» **TASK INSTRUCTIONS**
Copy the complete listing word for word, but do not carry over any images.

» **THE DATA**
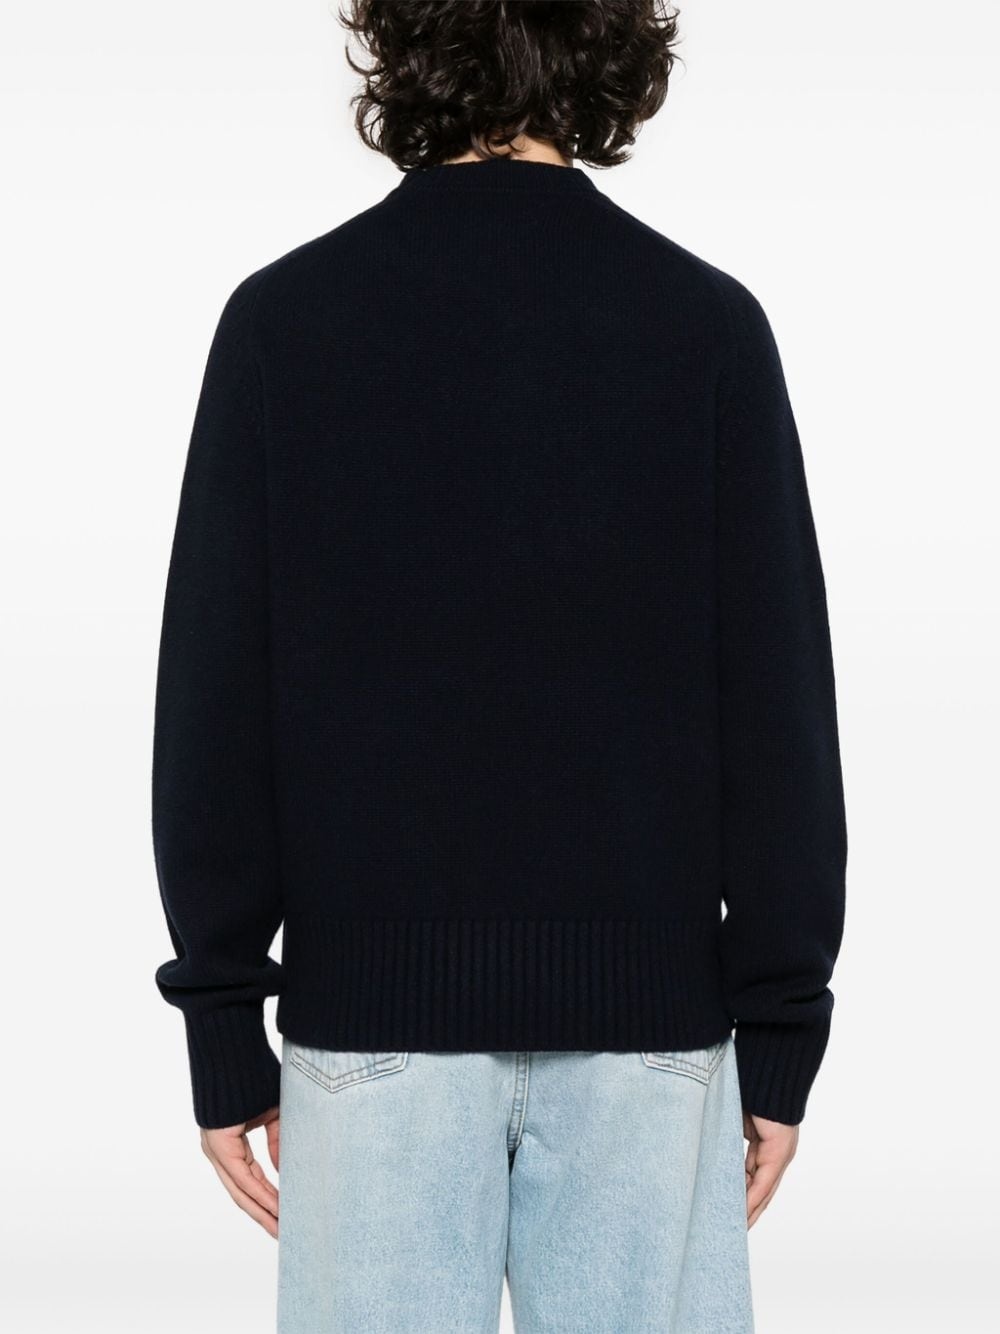 Bourgeois cashmere jumper - 4
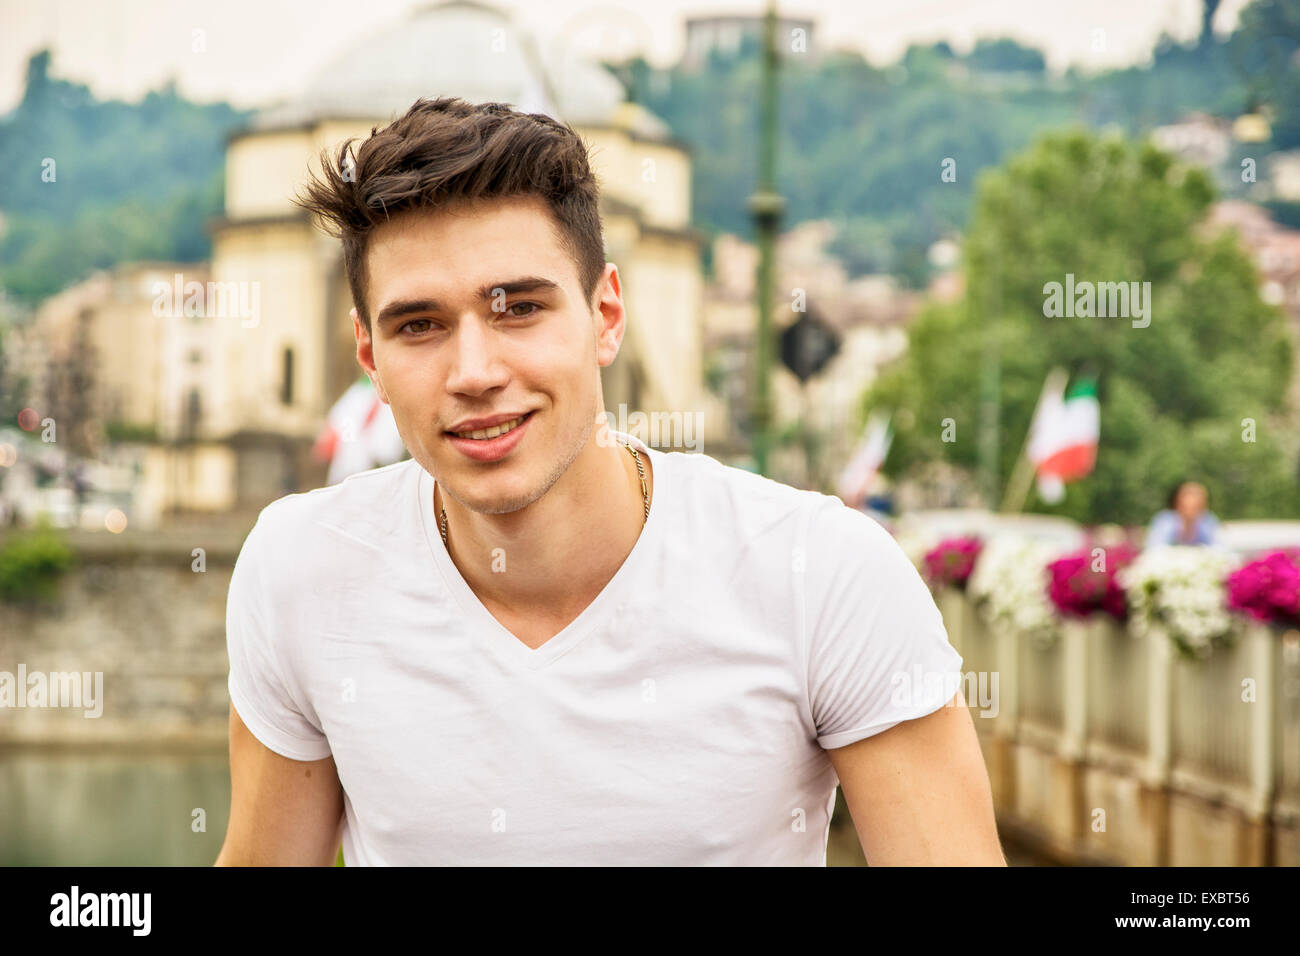 Handsome young man in white t-shirt outdoor in city setting, looking at camera, smiling Stock Photo
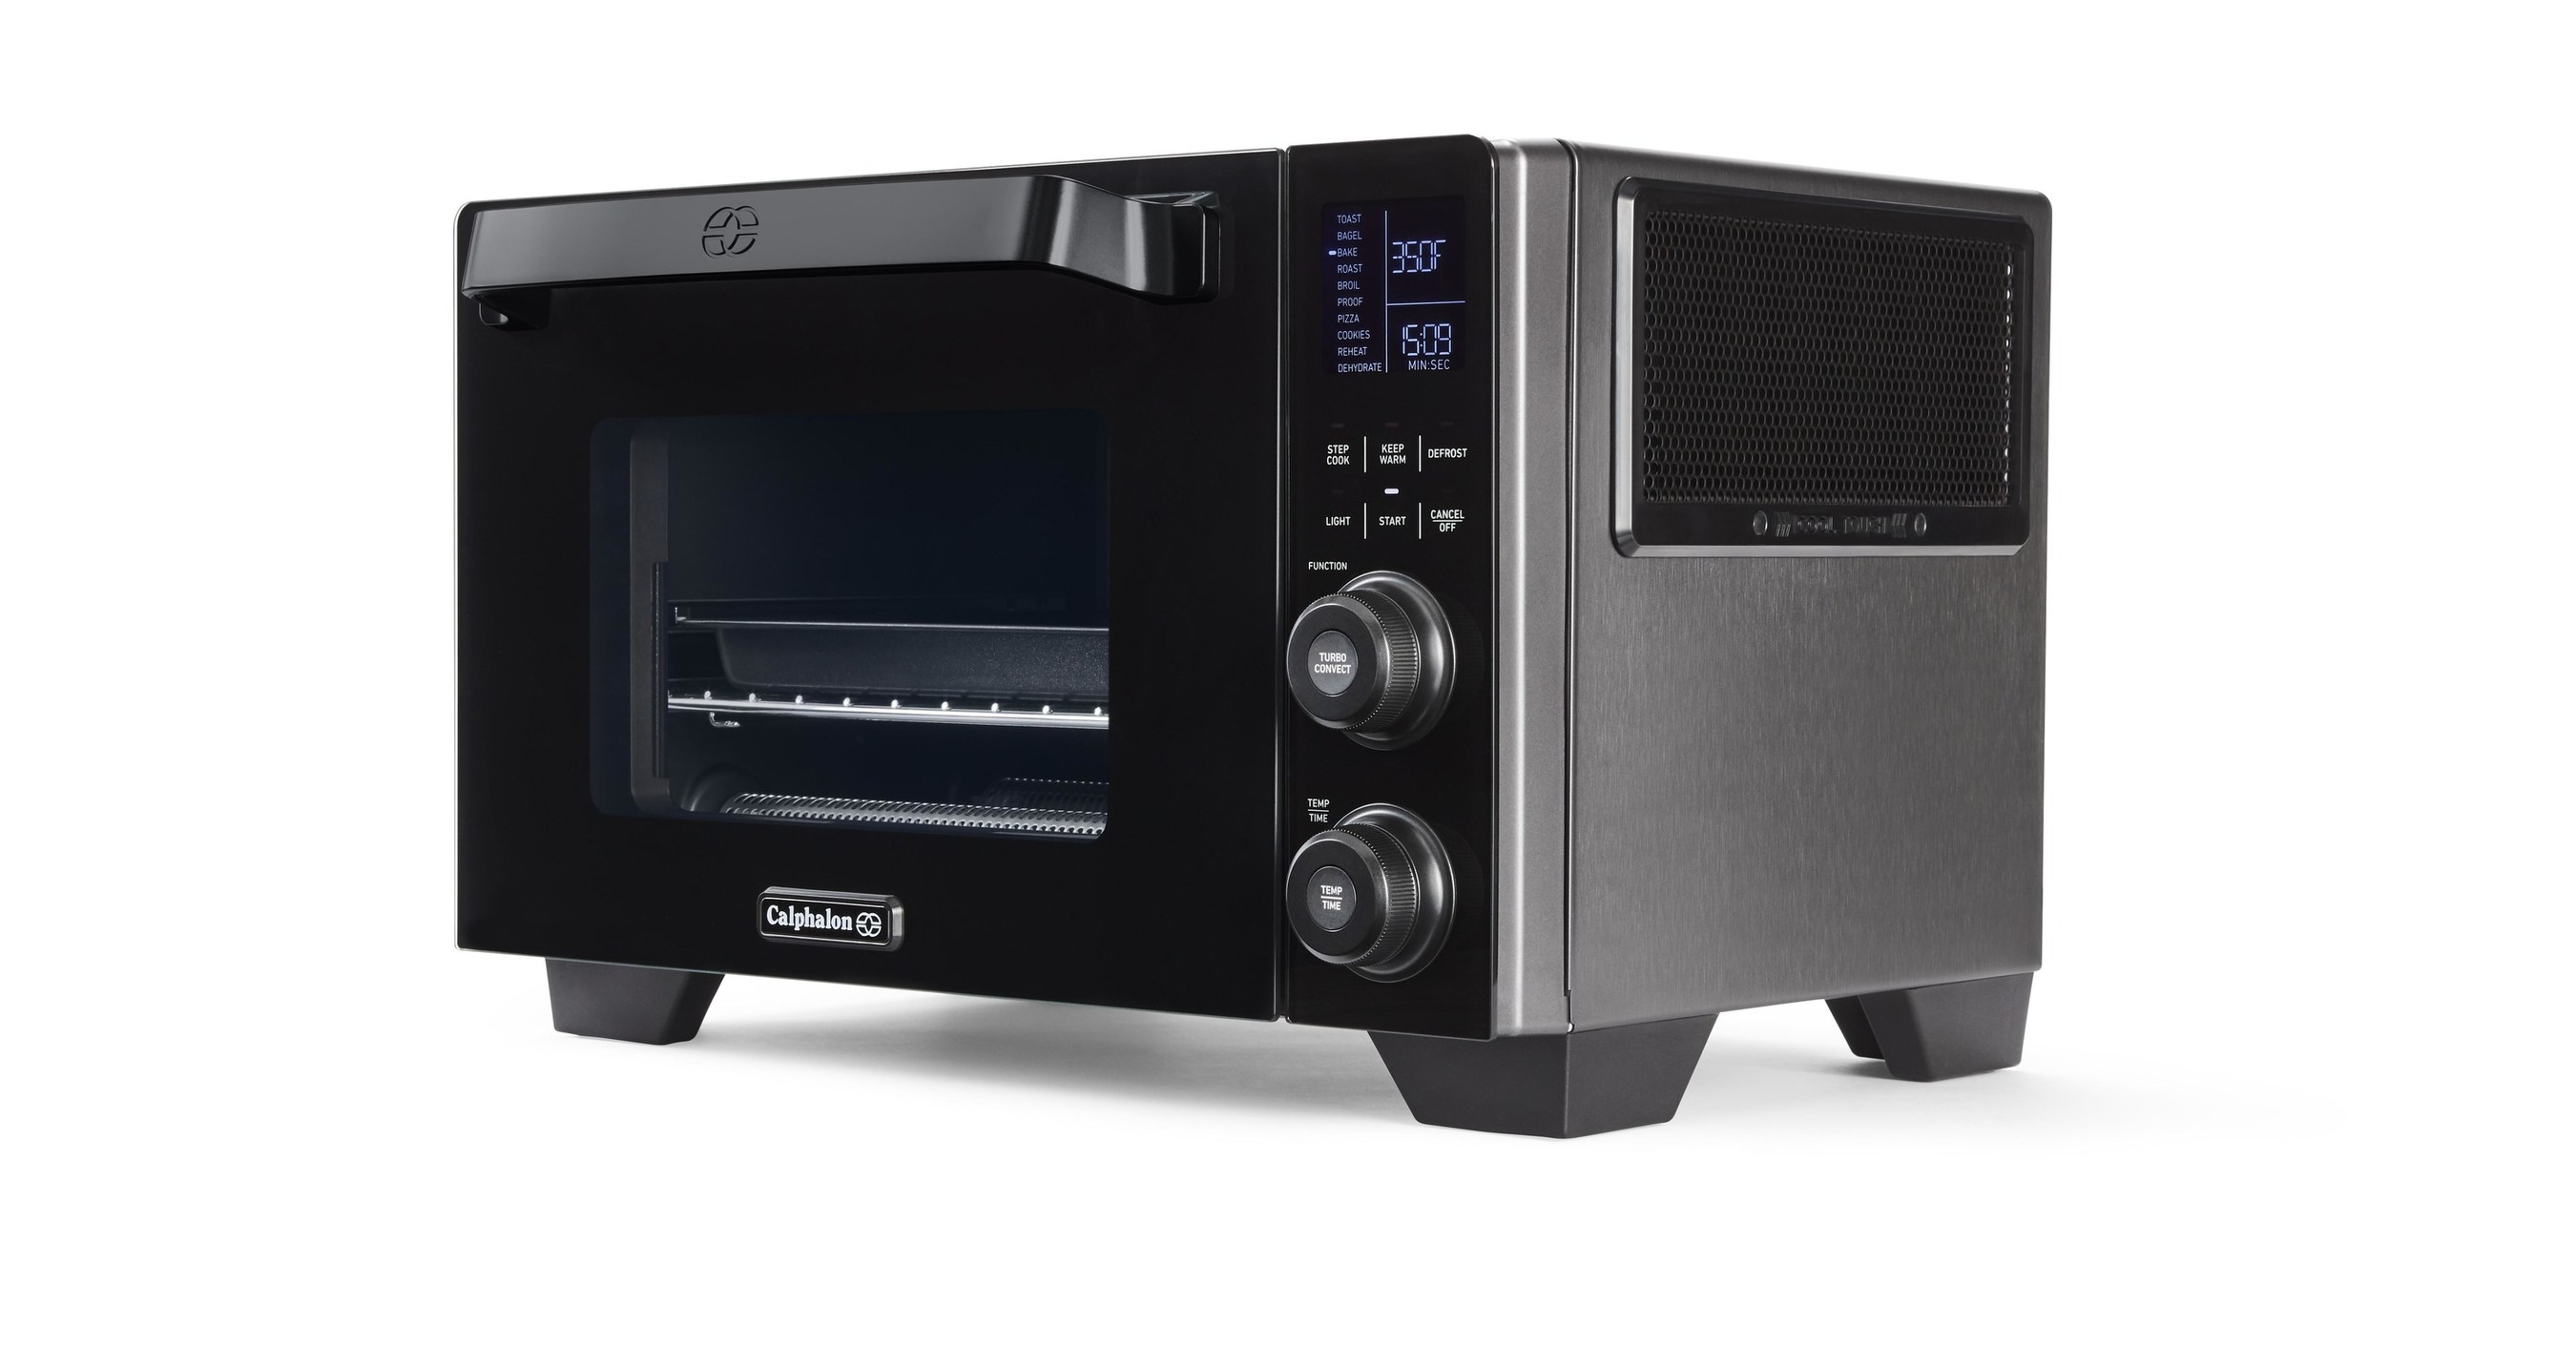 Calphalon Performance Cool Touch Toaster Oven review
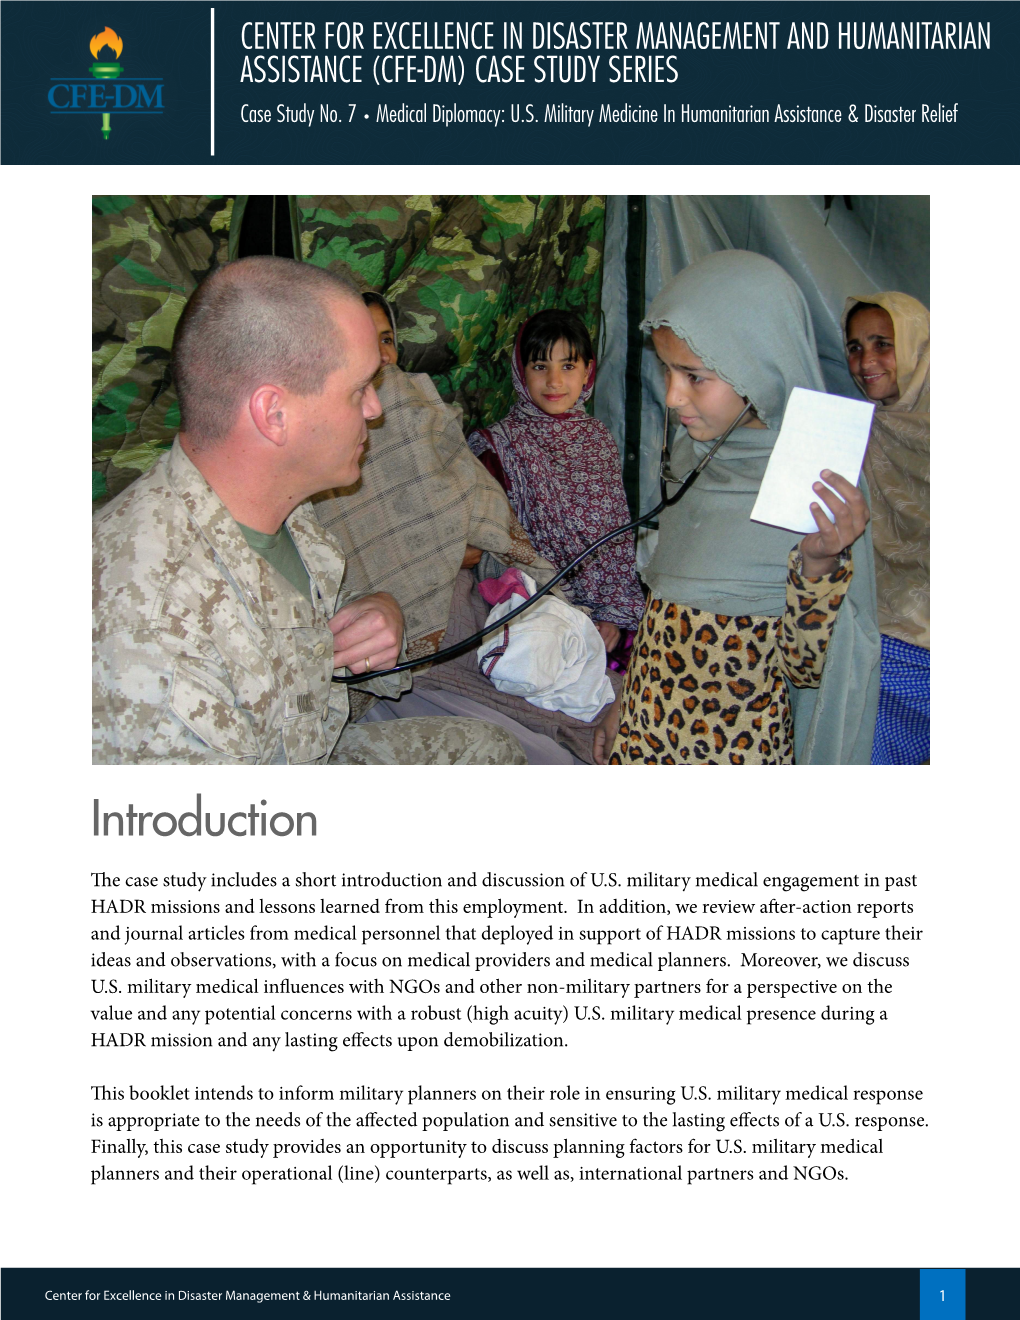 U.S. Military Medicine in Humanitarian Assistance & Disaster Relief

» **OUTPUT FOR THIS EXERCISE**
 Bourgeois cashmere jumper - 4
 Handsome young man in white t-shirt outdoor in city setting, looking at camera, smiling Stock Photo
 Calphalon Performance Cool Touch Toaster Oven review
 U.S. Military Medicine in Humanitarian Assistance & Disaster Relief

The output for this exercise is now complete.